A Summer at LIGO

 
Newsletter Front Page
 
   
 
Nicky Virdone
Nicky Virdone

In addition to its direct pursuit of detecting gravitational waves, LIGO is keenly interested in promoting educational opportunities in science from the earliest school grades to post-graduate studies. The two observatories provide tours throughout the year, where the technology is demonstrated and details furnished of the interferometer's technique. And both sites serve as frequent centers for exhibitions and seminars relating to physics and astronomy. LIGO seeks to convey to minds of all ages the many long-range benefits of its mission and the true excitement of scientific discovery. Eager students with an interest in LIGO's themes are encouraged to turn their talents to the Laboratory and its goals.

"For this, LIGO has a good friend in Dr. Jack Blumenthal of Mayfield Senior High School," says Riccardo DeSalvo of the LIGO Lab. "Dr. Blumenthal has selected and guided to LIGO a stream of very bright and capable young ladies who volunteer their summer time to work at the Laboratory. Glenn Mary Carroll was with us last summer, and the previous year we had Nicky Virdone."

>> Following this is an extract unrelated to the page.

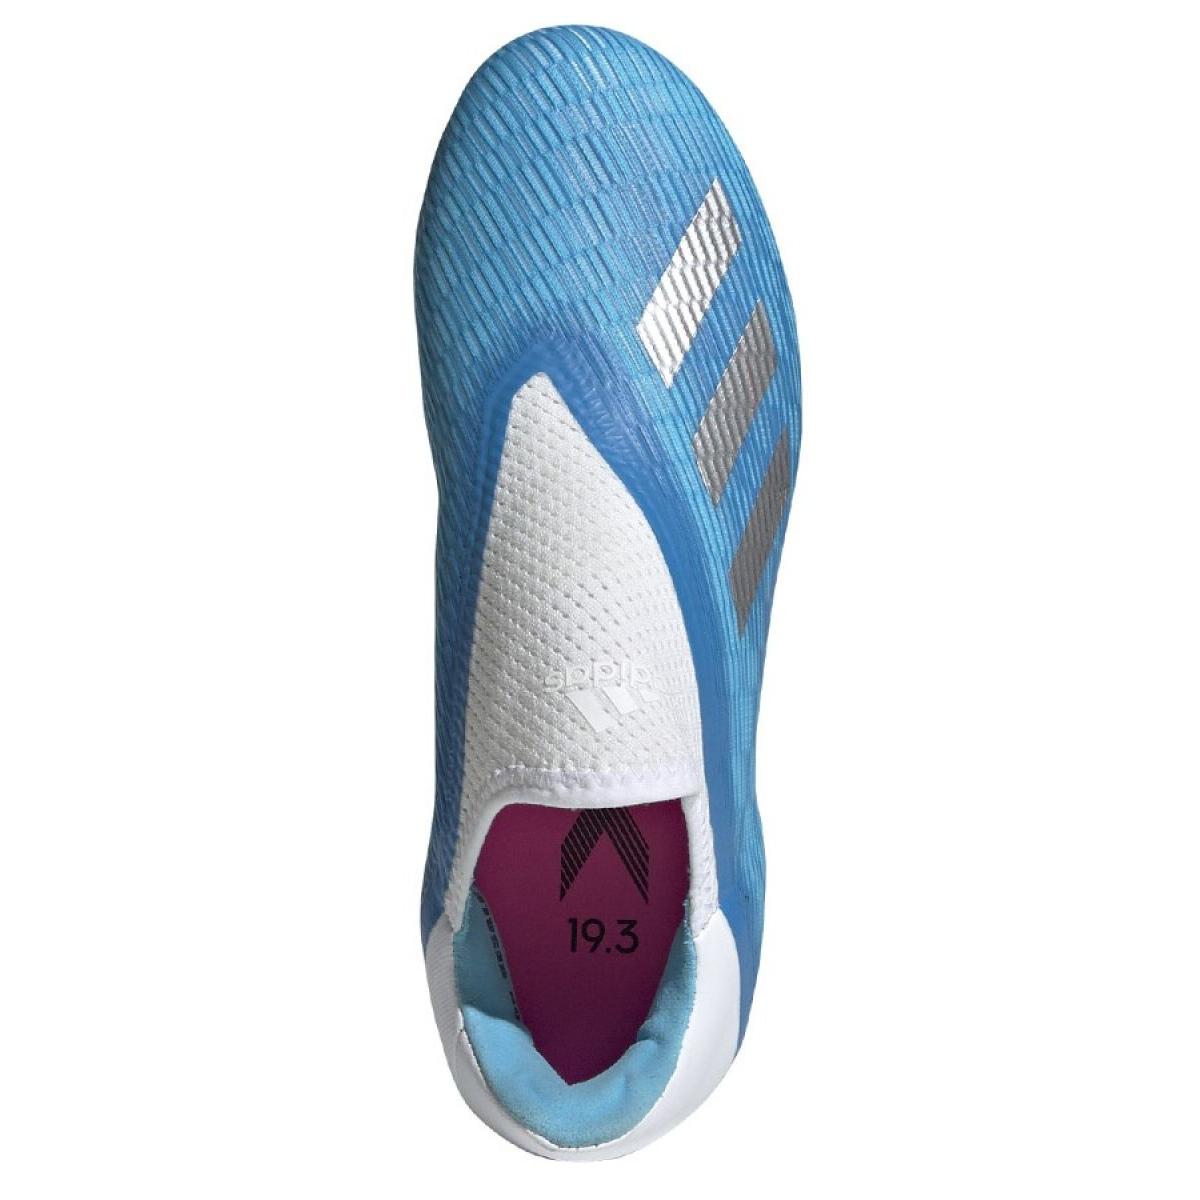 Details about Football shoes adidas X 19.3 Ll Fg Jr EF9114

LIGO benefits from the involvement of students from other high schools as well. "Linden Blair worked with us last summer, and two years ago we had Allyson Feeney," adds DeSalvo. "All have been among the most cheerful and hardest working members of the seismic attenuation group, and each has made genuine contributions to our project."

For Mayfield Senior High School student Nicky Virdone, her work with DeSalvo's group was to last throughout the school year. Her assignment was to construct an oven to help measure the "creep property" of a metal alloy called maraging steel. This alloy is used in the spring that suspends the mirror inside the vacuum chamber, and "creep" refers to the alloy's tendency to deform under long-term strain.

"Nicky's work is of publication level," says DeSalvo. "She is working in her free time to write up her findings."

She has also written an account of her experiences working with DeSalvo's group for "Imagine" magazine, a bimonthly periodical from the John Hopkin's University Center for Talented Youth.


Nicky Virdone's Imagine article
Imagine cover, Sept/Oct 2005

Nicky's article, "A Summer at LIGO," is a fun, lively and informative retelling of her time spent working with Riccardo DeSalvo and the seismic attentuation group. And it's frequently a colorful depiction of a fresh intern's first immersion in the world of Big Science.

"Instead of telling me exactly how to approach [the] task," Nicky writes, "Dr. DeSalvo asked me how I thought it should be done. At first I absolutely hated this way of teaching..."

"But it turned out to be the reason that I learned so much," she concludes.

DeSalvo expresses similar gratification with the program.

"These high school students have made useful contributions to our mission," he says. "But more importantly in their collaboration with Dr. Blumenthal it helps to attract some of the most talented students toward science and engineering, and away from the wooing of business and law schools and other less fascinating enterprises..."

"Fields in which kids might waste their minds making only money," he adds with a mischievous twinkle.

"That's why I take in high school students," DeSalvo asserts. "And they have always provided me with great rewards."